Figure 3. Induced components of signaling pathways in hES and mES cells.

The gene induced in either hES or mES cells, i.e., Clusters (2, *), (3, *) and (*, 3), are mapped onto all the signaling pathways documented in the KEGG database [33] and plotted using Cytoscape software ( Gray, blue and green nodes represent genes that are induced in hES cells only, mES cells only or both (conserved), respectively. The edges between any two nodes represent known protein-protein interactions documented in Cytoscape.

Conserved regulatory mechanisms in ES cells

Among 1,113 genes involved in transcriptional regulation (GO: 0003700) and included in this analysis, 448 clustered in either mES or hES upregulated clusters ((2, *), (3, *) and (*, 3)), indicating that a very large proportion (40%) of the transcriptional regulators were utilized in ES cells. Among these 448 transcription regulators, 85 (19%) exhibited conserved upregulation in mES and hES cells (in clusters (2, 3) and (3, 3)), representing a core set of regulators with higher expression in undifferentiated than differentiated ES cells (Table S4). Among these regulators, OCT4 and SOX2 are indispensable for maintaining an ES cell phenotype and for reprogramming [28]; NANOG, UTF1, and polycomb group proteins EED and PHC1 either promote self-renewal or inhibit differentiation. Repression of lineage-specific differentiation genes is critical for maintaining the undifferentiated state [35]. Conserved transcriptional repressors and corepressors included DNA methylation enzymes DNMT1 and DNMT3B, Polycomb group factors EED and PHC1, histone deacetylase SAP30, and transcription factors SUPT4H1, E2F8, TGIF1 and CTBP2. In addition, certain aspects of DNA replication and cell cycle regulation were also conserved in ES cells, as exemplified by conserved expression of CDK2, RAD51, E2F8, MYST2, POLYA1 and TERF1.

The KLF regulatory module is required for pluripotency only in mES cells

KLF2, KLF4 and KLF5 belong to the Krüppel-like factor (KLF) family of evolutionarily conserved zinc finger transcription factors that regulate numerous biological processes, including proliferation, differentiation, development and apoptosis [36]. We previously demonstrated that simultaneous depletion of KLF2, KLF4 and KLF5 led to differentiation of mES cells [37]. Consistent with this result, in mES cells, KLF2, KLF4 and KLF5 co-clustered with other pluripotency regulators (Clusters (2,*) and (3,*)), including OCT4, SOX2 and NANOG. Chromatin immunoprecipitation coupled to microarray assay (ChIP-chip) data showed that KLF2, KLF4 and KLF5 proteins all bind upstream of their own coding genes as well as upstream of OCT4, SOX2 and NANOG [37]. NANOG and SOX2 ChIP-chip data demonstrated that they both bind to KLF2, KLF4 and KLF5 [38]. The co-clustering result together with the published RNA knockdown data and ChIP-chip data suggest that KLF2, KLF4 and KLF5 form a regulatory module that is coupled with the OCT4-SOX2-NANOG regulatory module in mES cells (Figure 4A).

Figure 4. Rewiring of the KLF regulatory module.

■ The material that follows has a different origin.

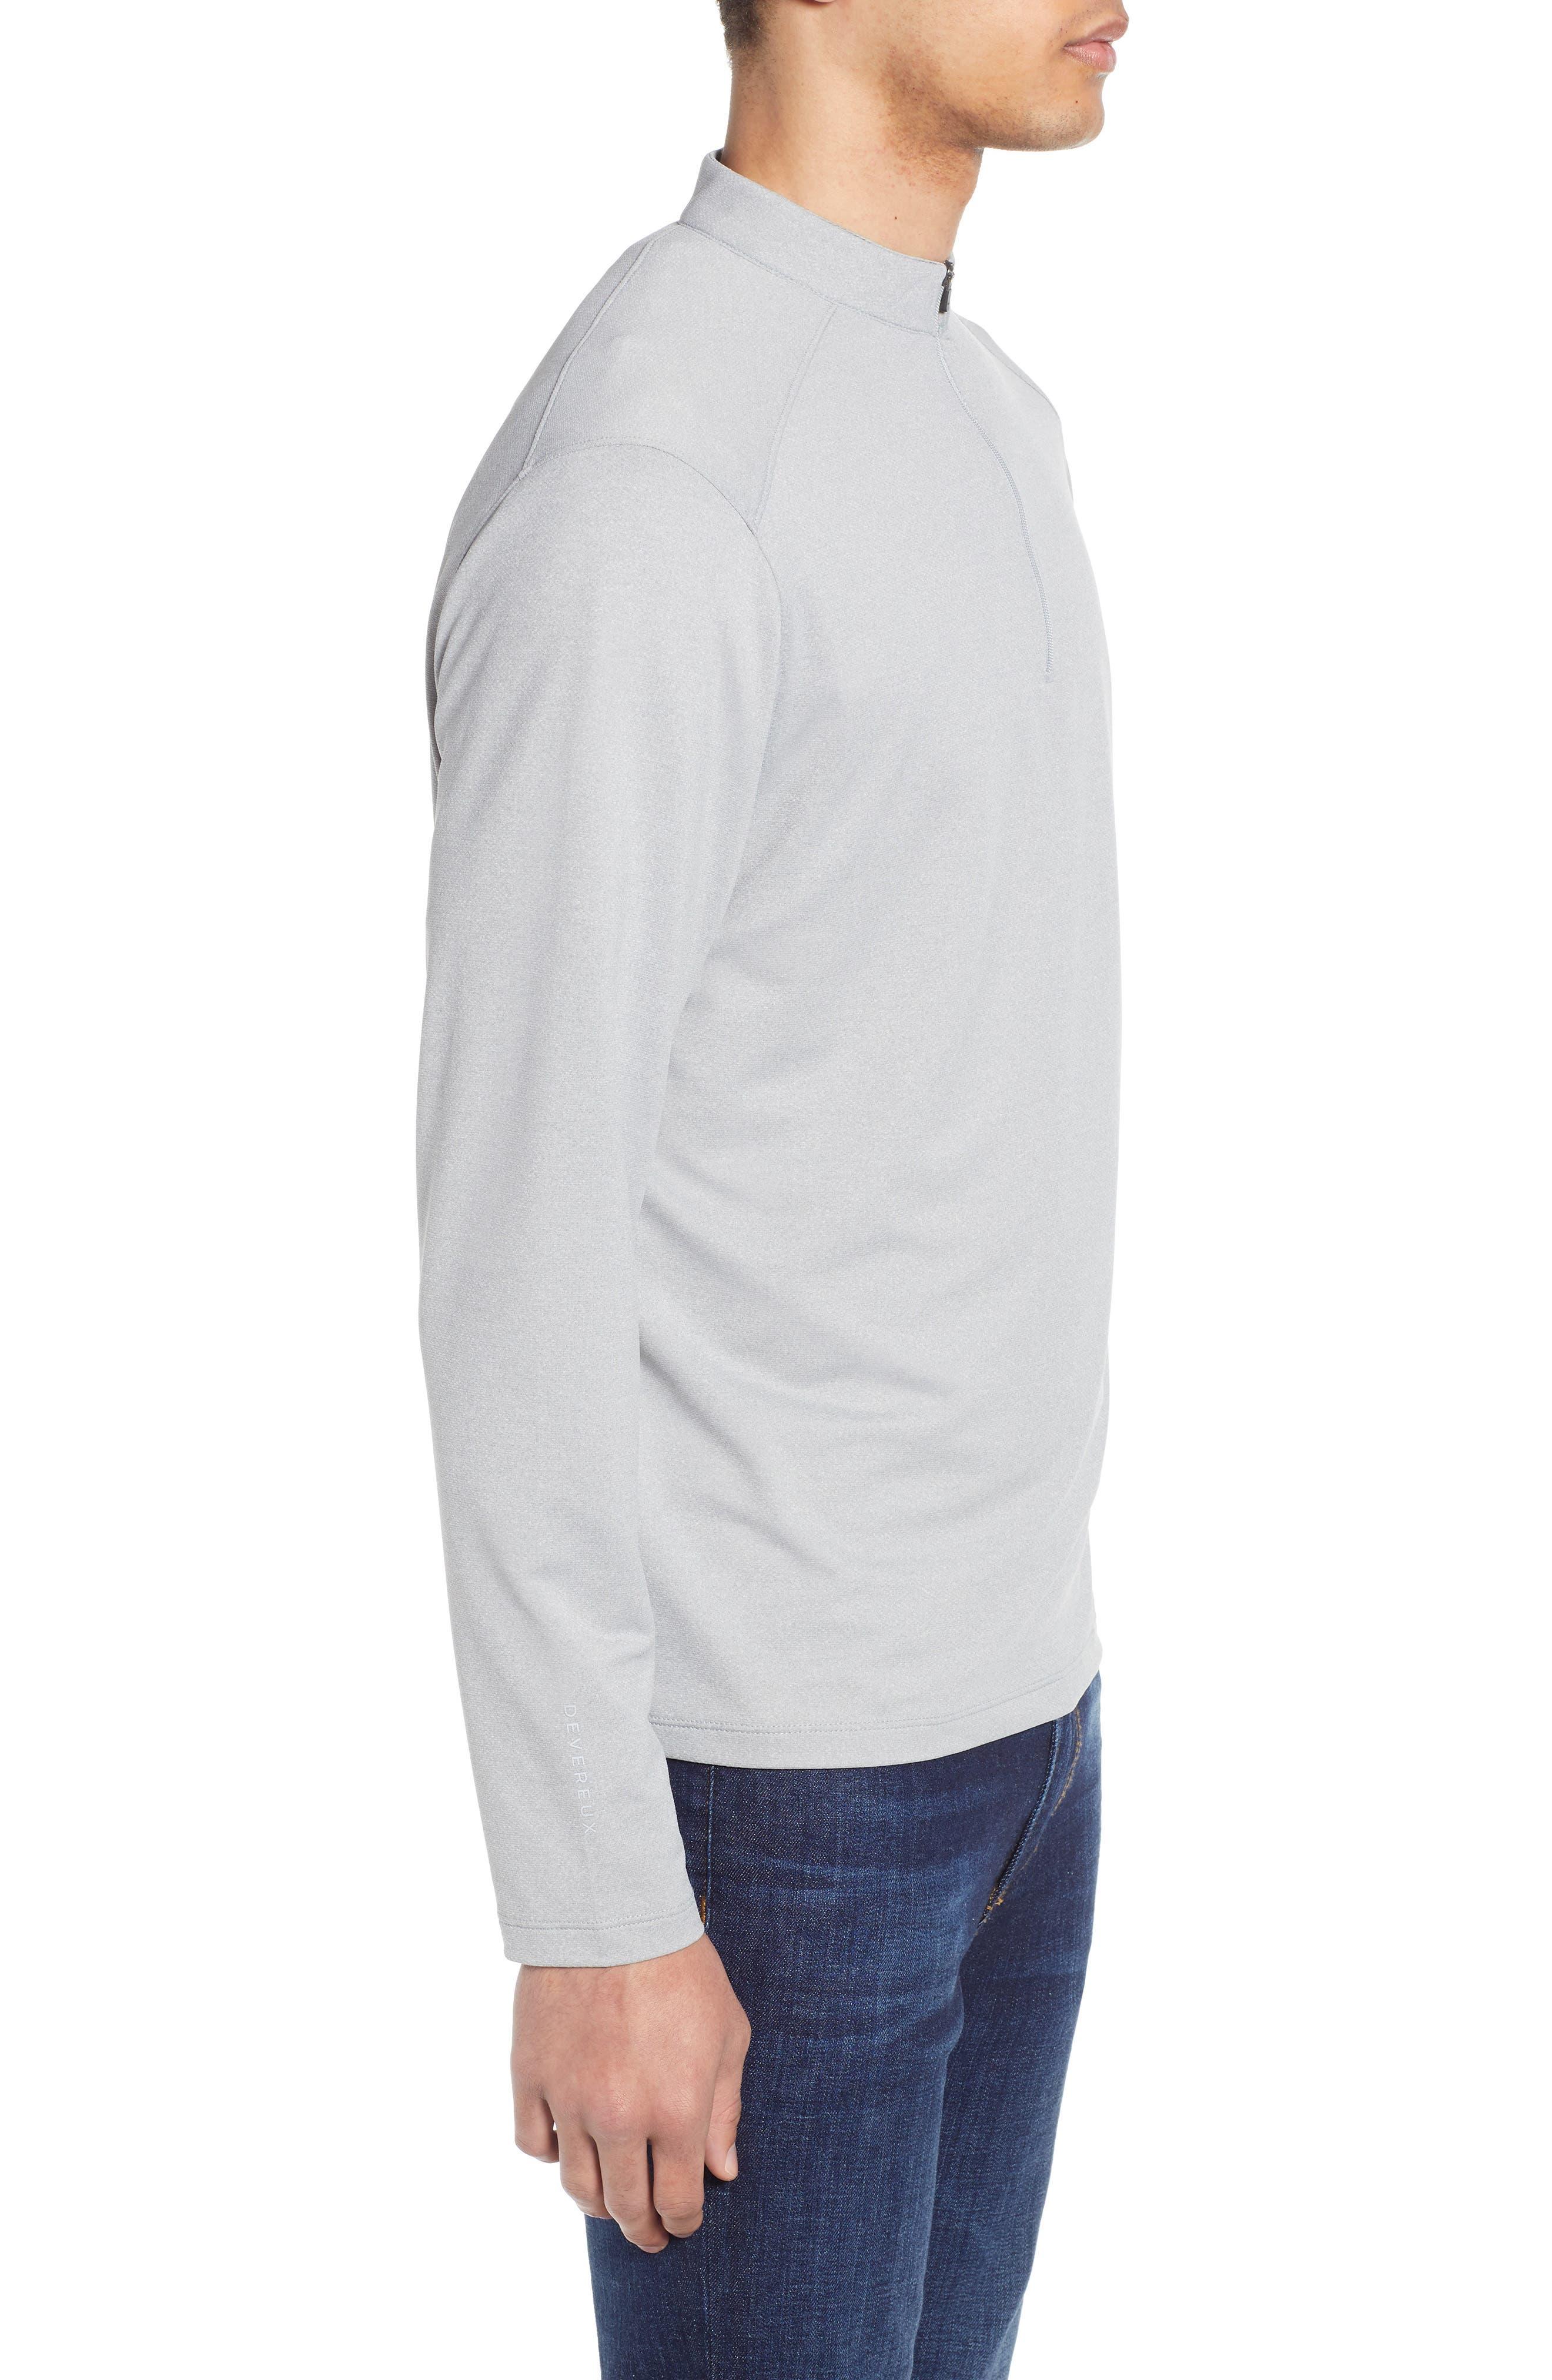 DEVEREUX, Lay-Low Half Zip Pullover, Alternate thumbnail 3, color, ASPHALT

Nodes represent upregulated genes in ES cells in a conserved (blue, upregulated in both hES and mES cells) or species-specific (red, upregulated in mES cells only) manner. Edges represent positive regulatory relationships (activation) that are validated by ChIP-chip and RNAi data in both species (dark blue), in mouse only (red), or in human only (light blue). As the KLF module appears to have lost its regulatory function in hES cells, its target genes ESRRB, FOXD3 and SOCS3 have consistently lost their upregulation in hES cells as well (A). However, LIN28 and NODAL, which are upregulated by the KLF module in mES cells, remain upregulated in hES cells. Their upregulation in hES cells might be activated by NANOG and OCT4 instead (B).

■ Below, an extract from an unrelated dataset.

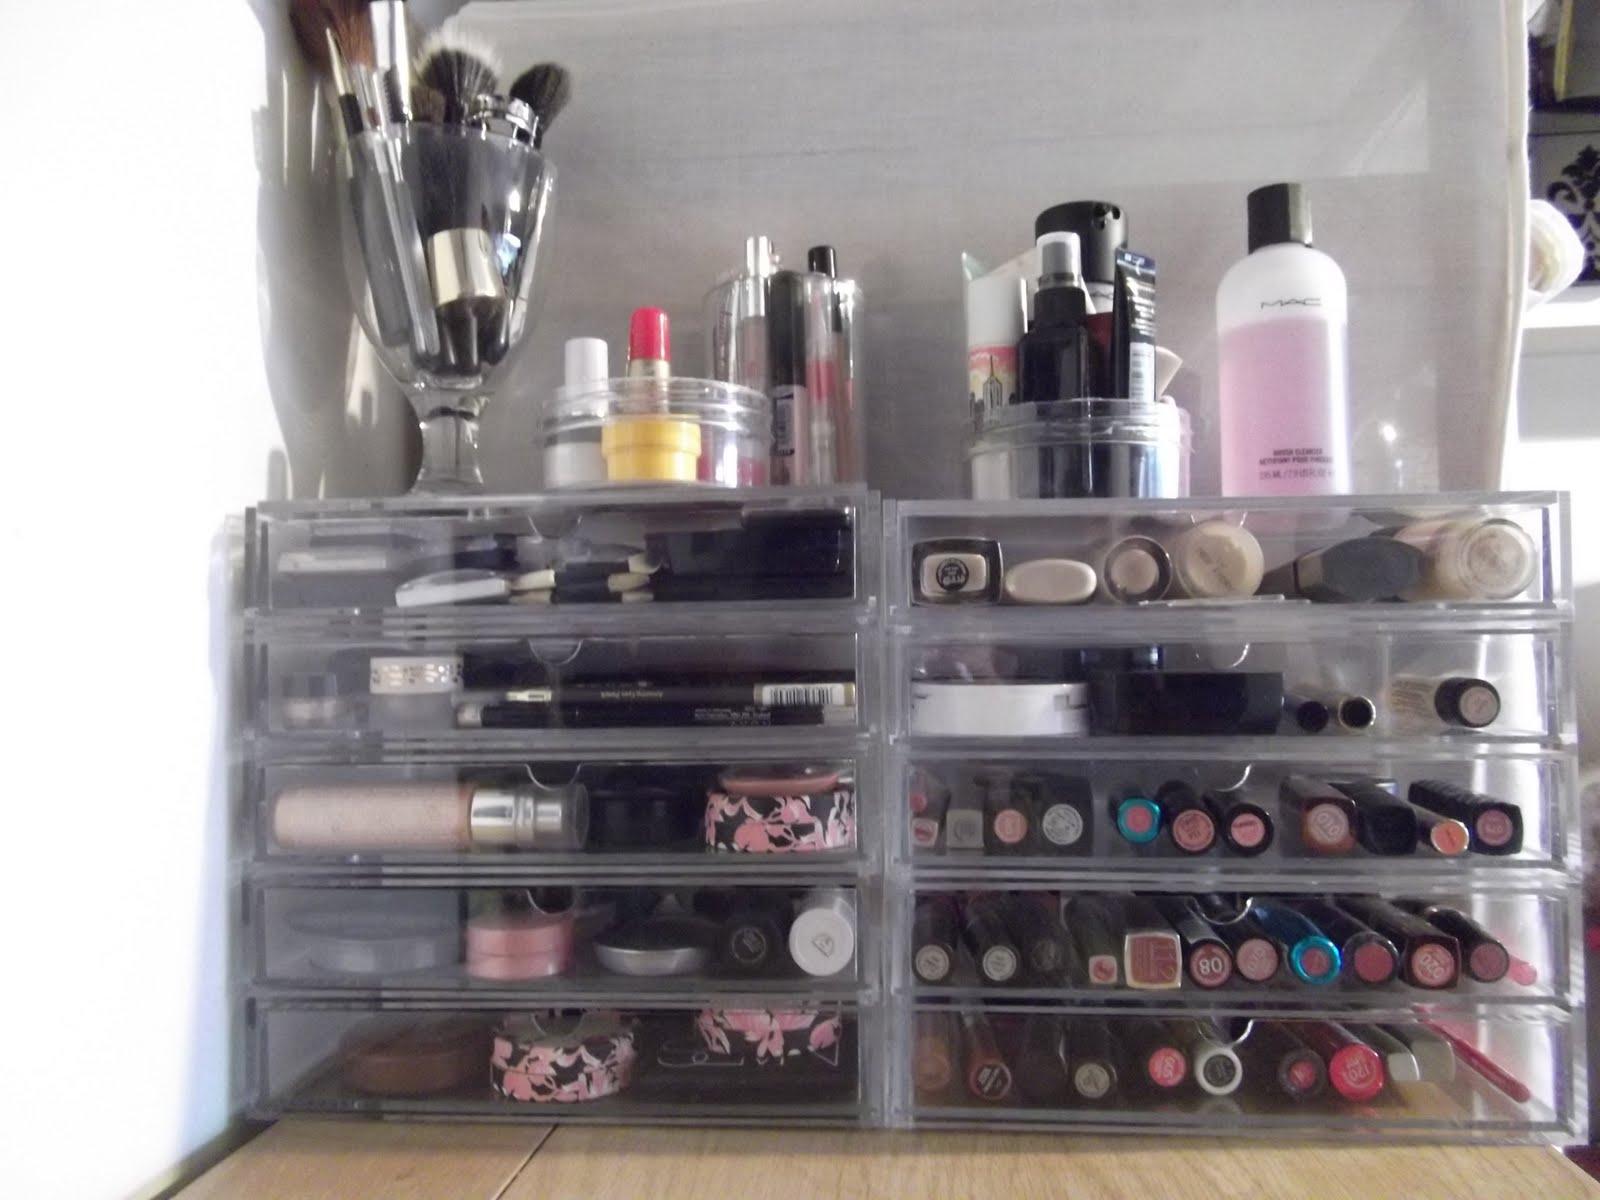 Http Wwwmujius Store Storage Acrylic Caseshtml  sc 1 st  Listitdallas & Acrylic Makeup Storage Muji - Listitdallas

The mES cell expression of the three KLF factors was not conserved in humans. Human KLF2, KLF4 and KLF5 were clustered in Cluster (*, 1), which exhibited low expression in hES cells and a steady increase during spontaneous and lineage-specific differentiation. This led to the hypothesis that the KLF2/4/5 module was decoupled from the OCT4-SOX2-NANOG module in the transcription network of hES cells. To explore the decoupling hypothesis, we first re-examined the mouse data for potential clues. In mES cells, the KLF2/4/5 regulatory module and the OCT4-SOX2-NANOG regulatory module were firmly established, because every factor bound to every other gene within the module. A maximum of 30 regulator-target links among the six transcription factors were allowed (Figure 4A). All except four of the allowed regulator-target links were confirmed by ChIP-chip data. The four missing links were OCT4->KLF2/4/5 and SOX2->KLF2. All of these missing edges were between the two modules, which seemed to poise them for decoupling. Second, we checked if the inter-module regulatory links were preserved in hES cells. Human ChIP-chip data [39] showed that three out of the five inter-module regulatory links were dissociated (SOX2->KLF4, NANOG->KLF4, NANOG->KLF2). The two observations above and co-expression result were consistent with the hypothesis that the two regulatory modules were decoupled in hES cells.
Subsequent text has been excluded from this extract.